Dataset content »
=== Section Start ===

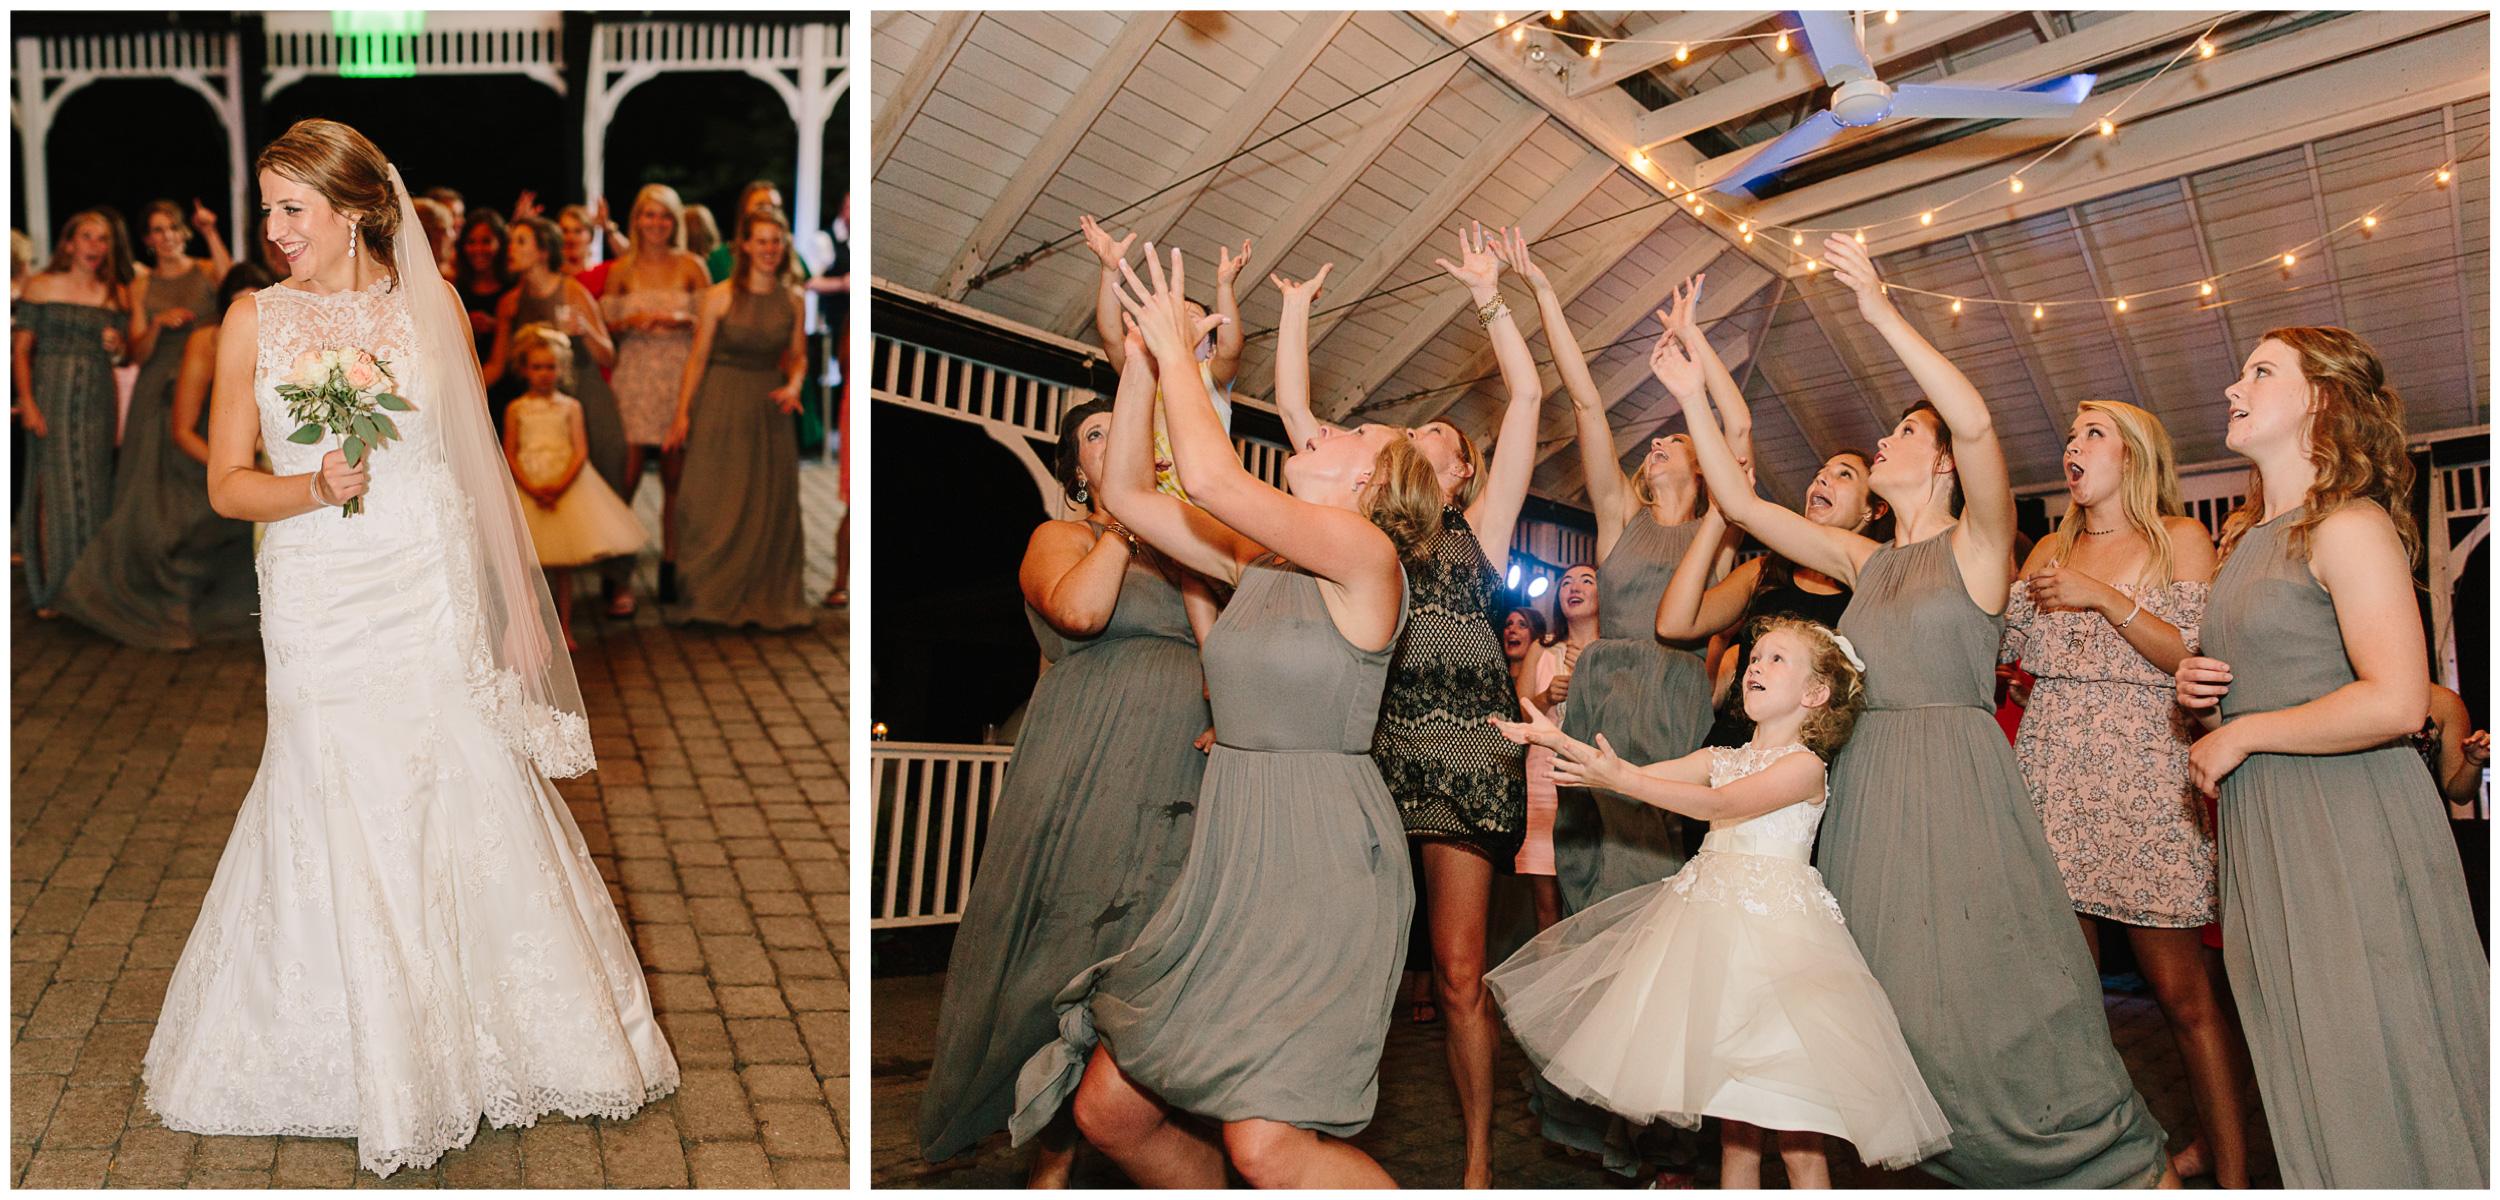 ann_arbor_michigan_wedding_107.jpg
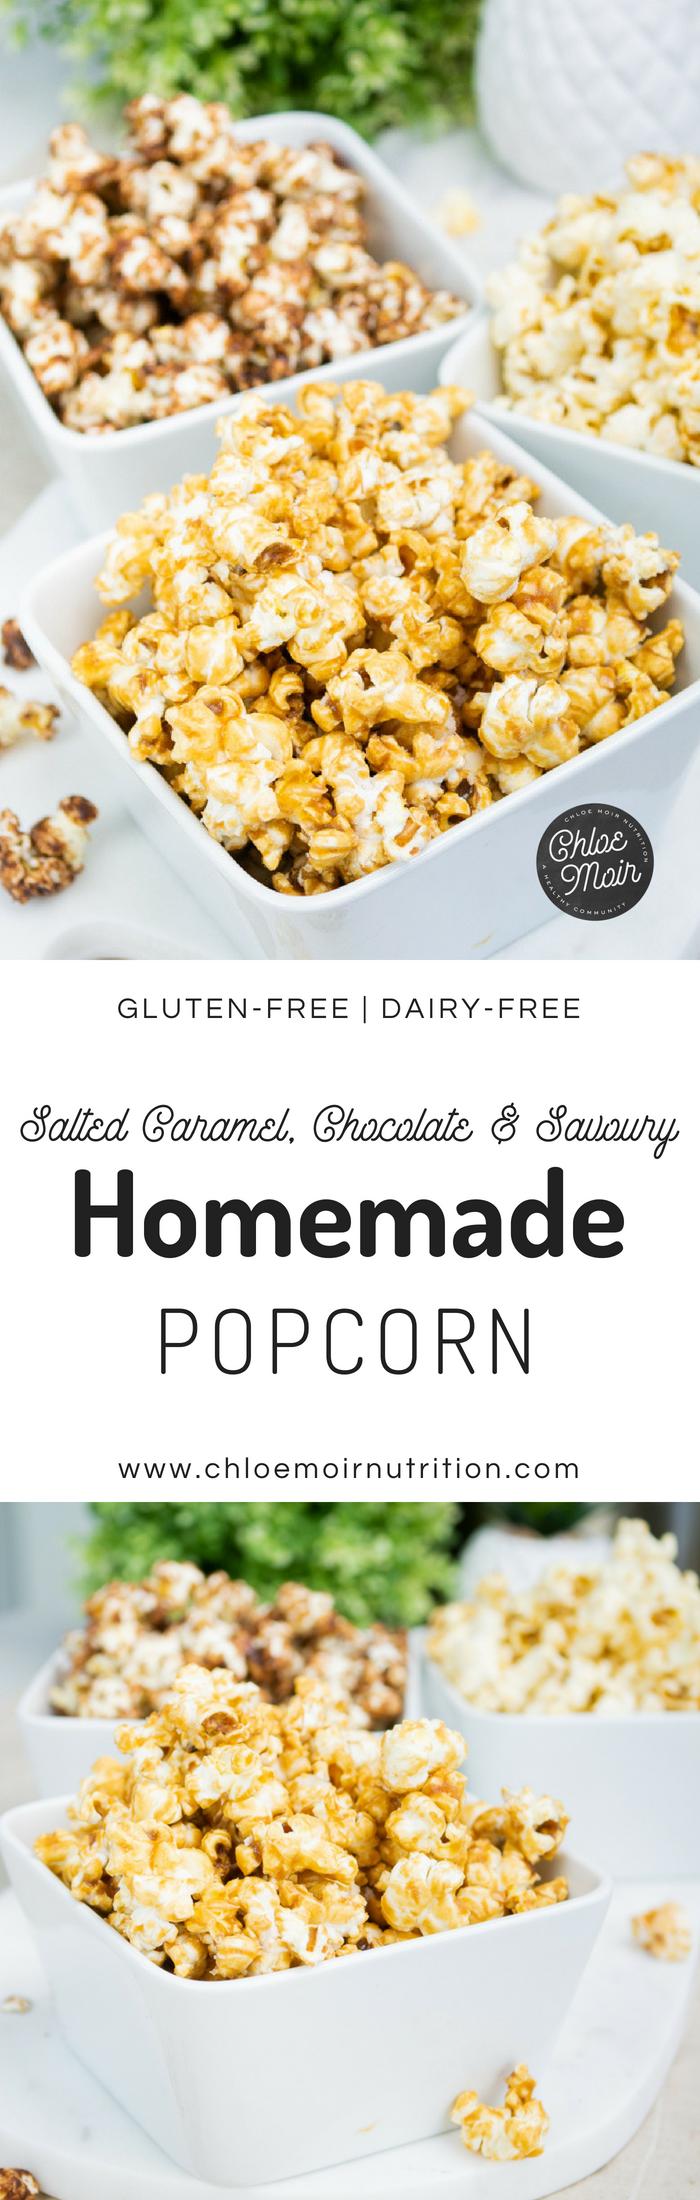 Salted Caramel, Chocolate and Savoury Popcorn
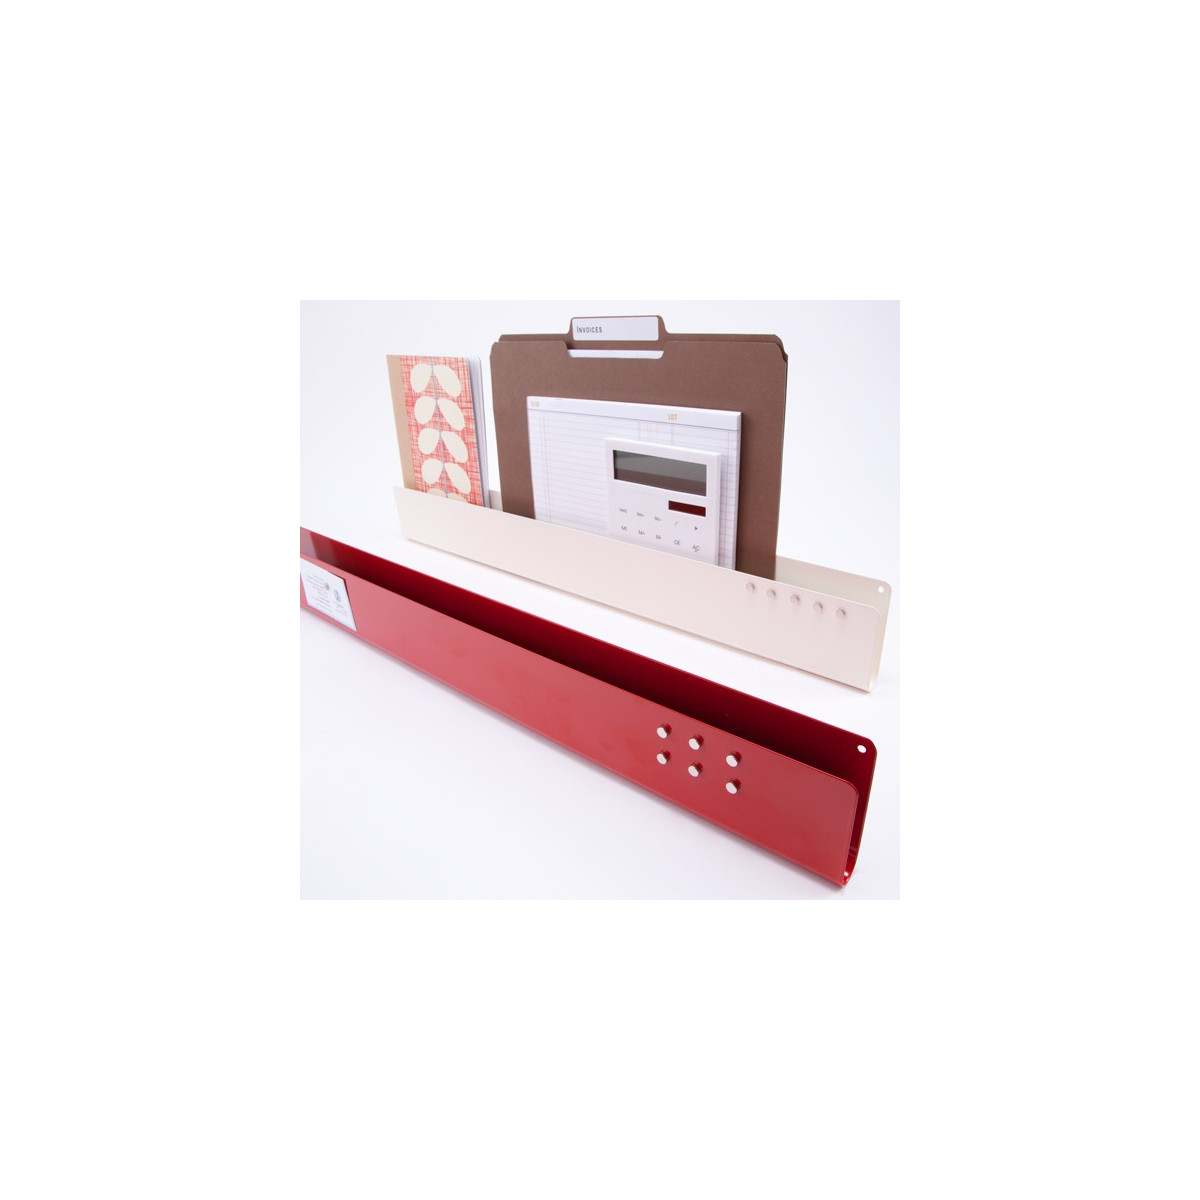 Vide poche mural rouge rangement courrier - Poche de rangement mural ...
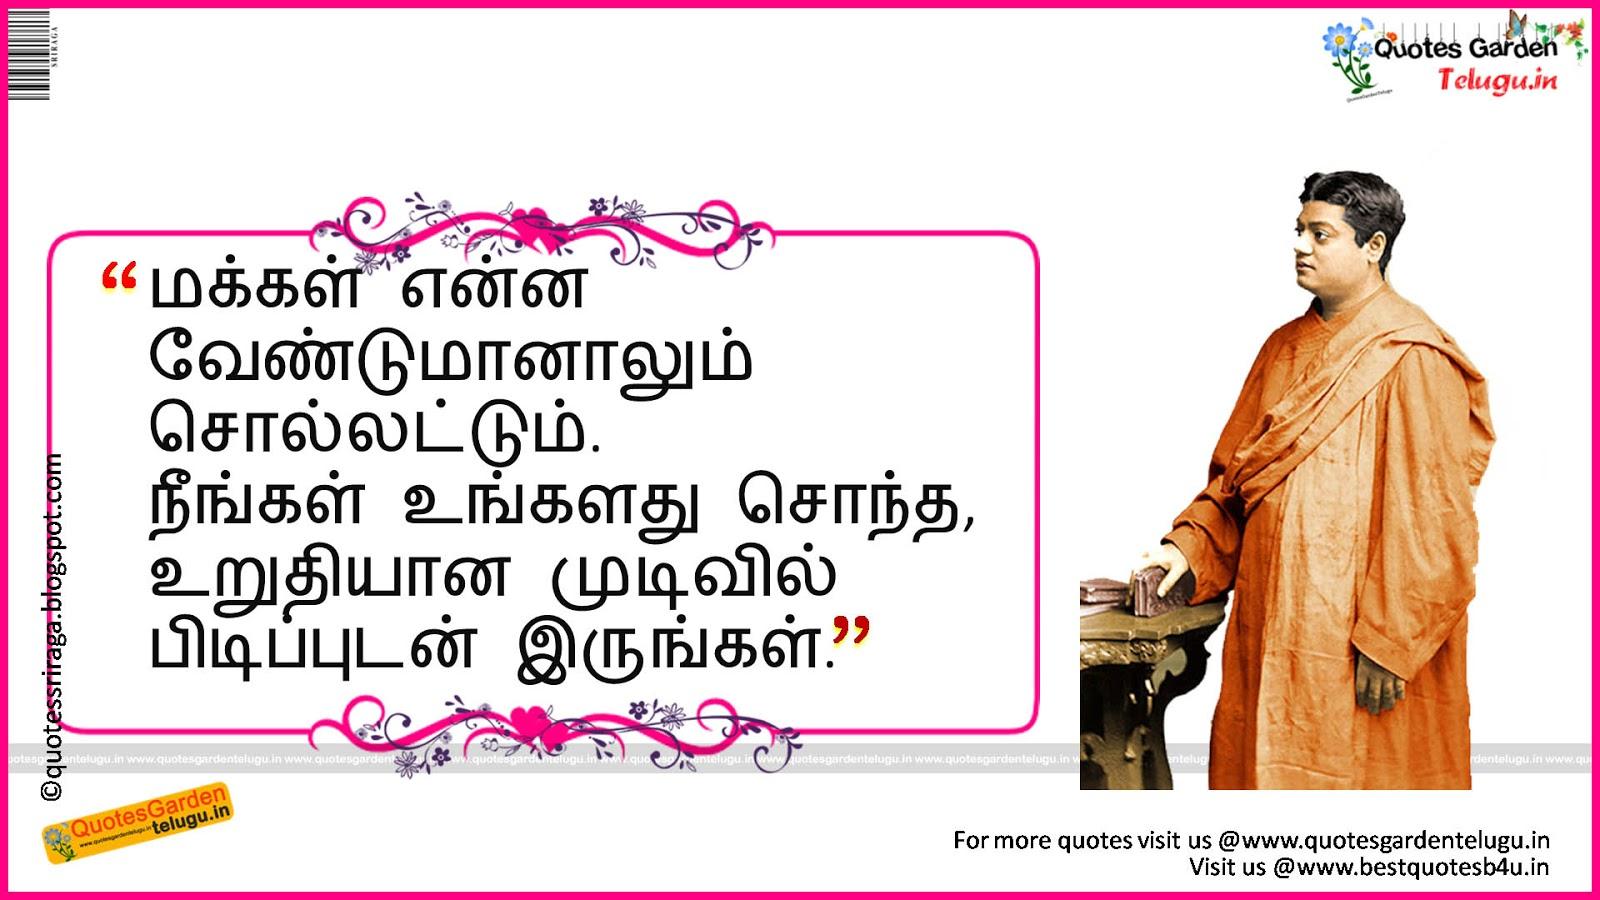 Tamil Inspirational Quotes Wallpaper New Latest Swami Vivekananda Golden Words In Tamil

=== Section End ===

Exercise requirements »
For this exercise, transcribe exactly only the lines from the one containing "Vide poche mural" through the end of the listing, inclusive, without the pictures.

Solution to this problem »
 Vide poche mural rouge rangement courrier - Poche de rangement mural ...
 Tamil Inspirational Quotes Wallpaper New Latest Swami Vivekananda Golden Words In Tamil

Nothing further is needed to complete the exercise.